# Dataset records
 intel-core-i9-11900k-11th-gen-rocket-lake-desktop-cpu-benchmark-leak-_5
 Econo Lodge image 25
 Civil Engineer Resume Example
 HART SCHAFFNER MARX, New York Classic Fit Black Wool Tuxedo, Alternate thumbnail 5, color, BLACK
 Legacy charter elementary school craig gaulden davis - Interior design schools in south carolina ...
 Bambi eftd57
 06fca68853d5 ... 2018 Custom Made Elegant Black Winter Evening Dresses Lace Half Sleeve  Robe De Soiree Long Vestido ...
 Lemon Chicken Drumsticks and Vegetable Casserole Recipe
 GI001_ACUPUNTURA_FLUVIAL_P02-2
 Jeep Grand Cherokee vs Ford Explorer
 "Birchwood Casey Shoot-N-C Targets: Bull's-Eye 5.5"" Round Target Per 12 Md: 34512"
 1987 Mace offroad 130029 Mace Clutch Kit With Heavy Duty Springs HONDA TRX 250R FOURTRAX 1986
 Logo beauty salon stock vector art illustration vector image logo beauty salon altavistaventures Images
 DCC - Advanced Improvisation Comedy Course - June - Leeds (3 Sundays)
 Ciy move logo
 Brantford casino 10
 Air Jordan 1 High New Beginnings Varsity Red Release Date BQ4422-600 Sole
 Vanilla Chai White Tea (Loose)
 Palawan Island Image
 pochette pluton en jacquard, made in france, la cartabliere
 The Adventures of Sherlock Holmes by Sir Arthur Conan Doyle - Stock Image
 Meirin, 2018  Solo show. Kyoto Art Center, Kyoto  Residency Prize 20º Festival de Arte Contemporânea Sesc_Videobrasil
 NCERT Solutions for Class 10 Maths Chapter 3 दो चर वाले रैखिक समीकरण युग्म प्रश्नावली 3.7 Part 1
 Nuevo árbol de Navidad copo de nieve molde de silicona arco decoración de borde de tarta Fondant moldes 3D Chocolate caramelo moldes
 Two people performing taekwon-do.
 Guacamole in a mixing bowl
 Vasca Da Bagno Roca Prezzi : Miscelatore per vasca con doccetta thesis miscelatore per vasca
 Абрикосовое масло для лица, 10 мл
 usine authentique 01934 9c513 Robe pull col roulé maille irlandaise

# Task statement
Output exactly the lines of the material above from the one containing "NCERT Solutions for" up to and including the one containing "Абрикосовое масло для лица, 10 мл".

# Your response
 NCERT Solutions for Class 10 Maths Chapter 3 दो चर वाले रैखिक समीकरण युग्म प्रश्नावली 3.7 Part 1
 Nuevo árbol de Navidad copo de nieve molde de silicona arco decoración de borde de tarta Fondant moldes 3D Chocolate caramelo moldes
 Two people performing taekwon-do.
 Guacamole in a mixing bowl
 Vasca Da Bagno Roca Prezzi : Miscelatore per vasca con doccetta thesis miscelatore per vasca
 Абрикосовое масло для лица, 10 мл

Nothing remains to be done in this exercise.